Jurnalisme Warga
Jadi Santriwati Sekaligus Mahasiswi di Kota Santri
Di Aceh, masyarakat menyebut ‘dayah’ sebagai lembaga pendidikan agama Islam swasta yang sudah sangat masyhur

OLEH AIZUL AZWINAR, putri asal Pante Garot, santriwati Dayah Baitul Ihsan, dan Mahasiswi IAIA Samalanga, melaporkan dari Samalanga, Bireuen
Di Aceh, masyarakat menyebut ‘dayah’ sebagai lembaga pendidikan agama Islam swasta yang sudah sangat masyhur. Kecamatan Samalanga, Kabupaten Bireuen, merupakan salah satu wilayah di Aceh yang banyak kita dapati dayah atau pesantren.
Saat ini, saya menimba ilmu agama di Dayah Baitul Ihsan Al-Hanafiah. Lokasinya di Desa Kampong Putoh. Sebuah dayah yang berdiri di antara impitan Dayah Ummul Ayman, Dayah Putri Muslimat, dan Dayah Mudi Mesra.
Dayah dengan bangunan yang terlihat berupa bangunan rumah biasa saja ini didirikan oleh sosok perempuan bersama suami dan keluarga besarnya yang sangat peduli terhadap pendidikan agama. Hal ini juga sangat wajar mengingat dalam jiwa beliau-beliau ini mengalir darah ulama. Dayah ini berdiri sejak medio tahun 2015 M/1436 H di bawah pimpinan Tgk H Abdul Wahab BA (Abati) dan Ummi Hj Zainab (Tu Zainab).
Uniknya, dayah ini dikhususkan bagi wanita. Selain belajar ilmu agama melalui kelas nonformal, santriwati di sini juga diizinkan untuk belajar ilmu formal berupa kuliah di Institut Agama Islam Al-Aziziyah (IAIA) yang berjarak sekitar 200 meter dari dayah ini.
Ada banyak tujuan didirikannya dayah ini. Di antaranya untuk menjaga santriwati dari pengaruh dunia bebas luar. Selain itu, juga untuk menjadikan santriwati Dayah Baitul Ihsan sebagai pejuang agama yang berbasis kepada kepribadian yang baik lagi berkarisma, dan intelektual yang agamis.
Aktivitas santriwati
20 Juni 2020 Masehi. Itulah pertama kalinya saya menginjakkan kaki di tanah Baitul Ihsan ini. Jantung berdebar kencang seolah-olah kehidupan berubah drastis kala itu. Ya, berbeda sekali dengan kehidupan saya ketika di kampung, mulai dari memejamkan mata malam hari hingga membuka mata esoknya.
Tentu, banyak hal yang saya hadapi ketika awal-awal berada di kehidupan dayah.

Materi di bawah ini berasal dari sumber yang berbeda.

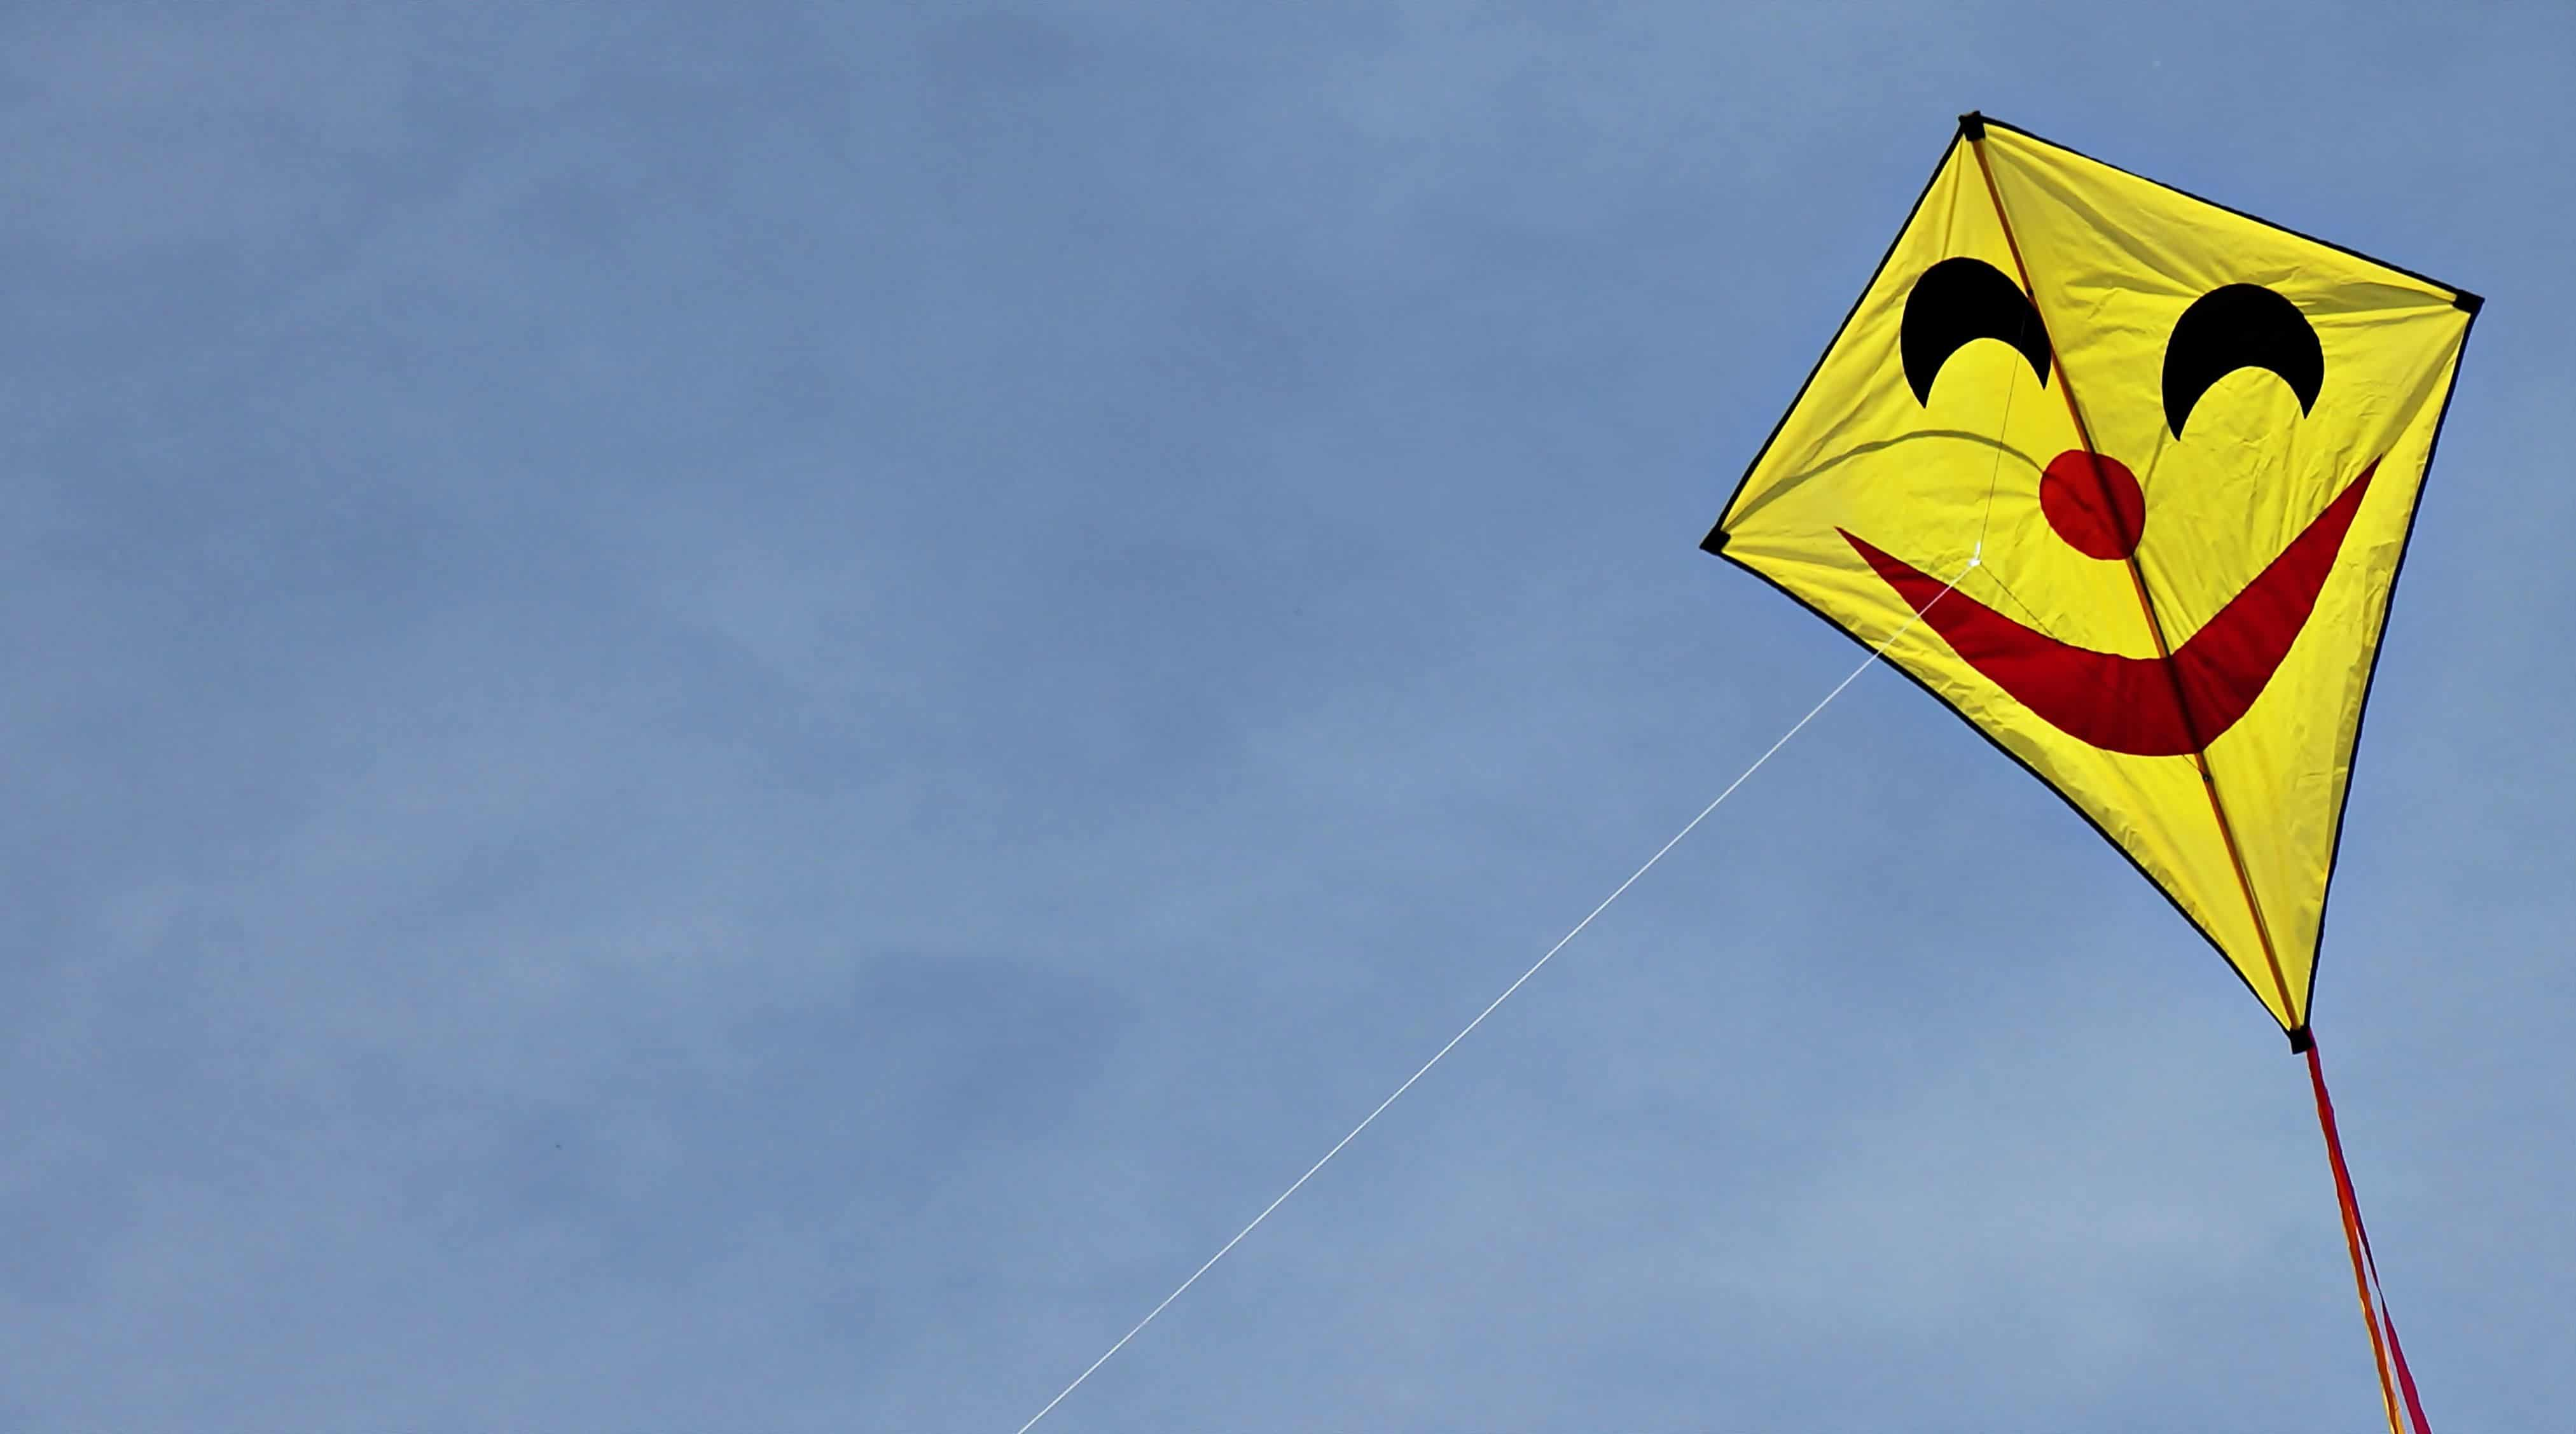 Imagen gratis: Dragón al aire libre, de cometa amarillo, azul cielo ...

Di sini, subuh hari misalnya, suara alunan gayung menjadi satu-satunya alarm untuk membangunkan santriwati. Beberapa petugas membangunkan santriwati dengan penuh kesabaran. Kami menyebut mereka dengan panggilan ‘haritsah’, bahasa Arab yang berarti ‘petugas’.
Pemandangan mulai berbeda dari semenjak santri membuka mata. Mereka berlomba-lomba memburu keran air untuk berwudu. Menuju ke keran tersebut, ada sebagian santriwati yang berjalan sempoyongan. Setelah itu, kami langsung ke mushala untuk khatam Quran sembari menunggu azan subuh. Setelah shalat Subuh berjamaah kami langsung beranjak ke ruang dan balai masing-masing dengan aktivitas mengaji subuh, berupa pengajian Quran. Namun, ada juga beberapa santriwati pagi-pagi begitu sudah bertugas menyapu, membersihkan kompleks dayah, sebagai khidmat kepada dayah yang terus diawasi oleh pengontrol kebersihan.